# x...rhom



## STREGA (Mar 13, 2005)

hello out there in piranha land!!
i need this rhom to be identified!!
thanx


----------



## JorgeRemigio (Mar 31, 2005)

I have no idea....but GREAT fish!!!!


----------



## Cobra (Sep 25, 2004)

Yellow highback peruvian diamond xingu.
LOL just kidding...........who knows, do u know what region it is from? Otherwise its impossible to tell.


----------



## jan (Apr 24, 2004)

It's just a rhombeus. Without the collecting point you won't be able to tell what kind.
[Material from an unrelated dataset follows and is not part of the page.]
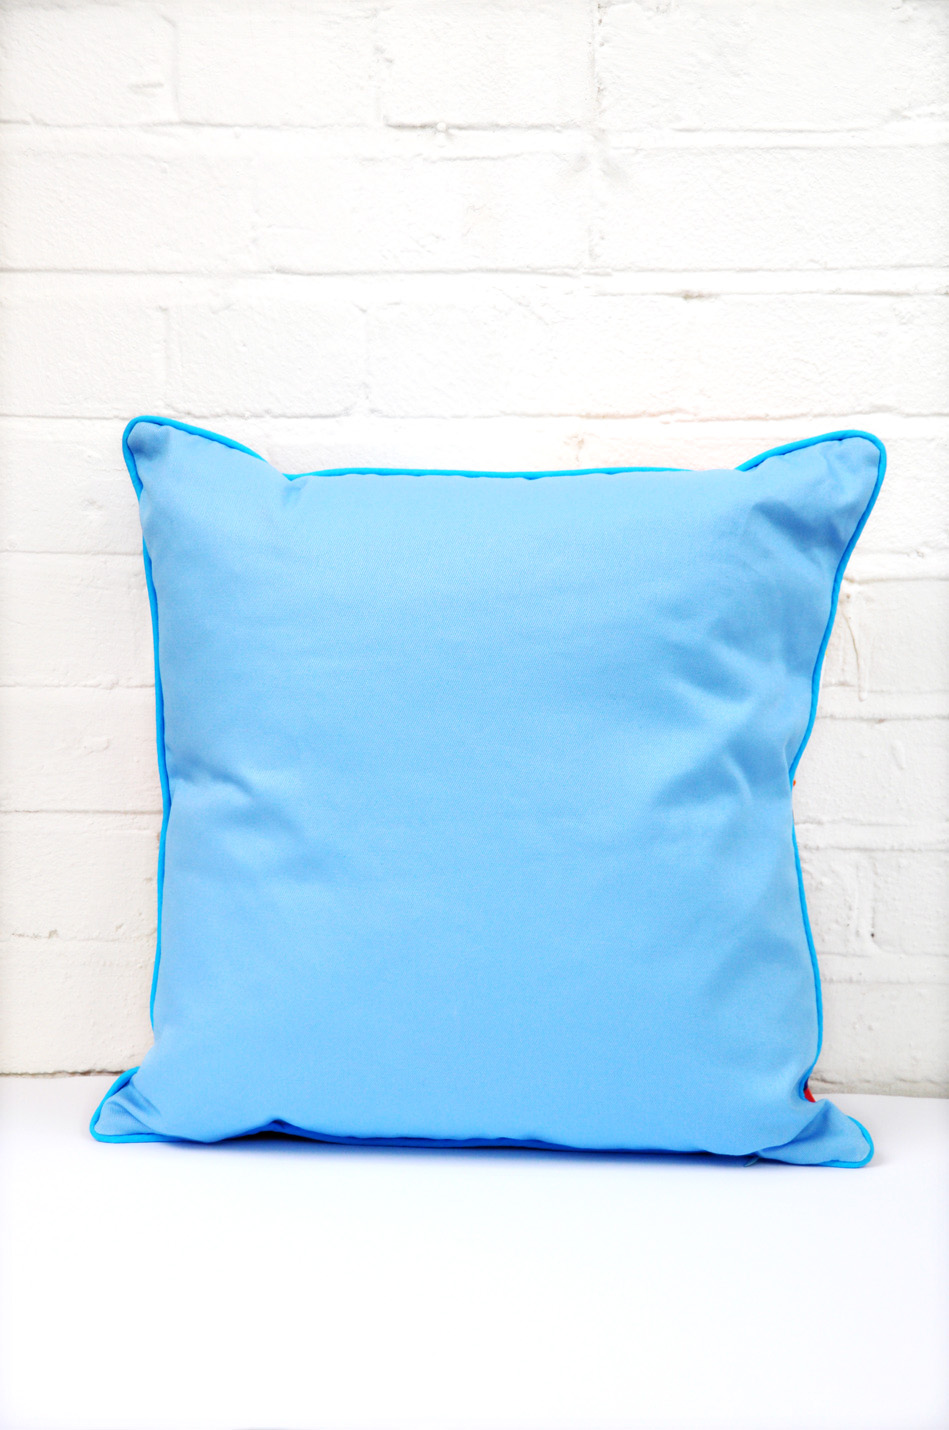 EmJay PrintPink&Turquoise-Blueback cushion.jpg

But he looks great


----------



## Gordeez (Sep 21, 2003)

Its a rhombeus.









Seriously though, Like Jan said, without the river it was located from,
cant really pin-point it.


----------



## Fomoris (Mar 13, 2005)

Everything has been said









BTW, very nice Rhom









But wrong forum for an IDing...


----------



## Guru (Apr 20, 2004)

how big is it


----------



## Joga Bonito (Oct 30, 2004)

a rhom is a rhom


----------



## STREGA (Mar 13, 2005)

THE X- RHOM is 7 inches long,it comes from eastern brazil that is all i know.


----------



## STREGA (Mar 13, 2005)

thanks henry for your input, that is really an intelligent reply!!


----------



## Joga Bonito (Oct 30, 2004)

STREGA said:


> thanks henry for your input, that is really an intelligent reply!!
> [snapback]1094078[/snapback]​


no problem


----------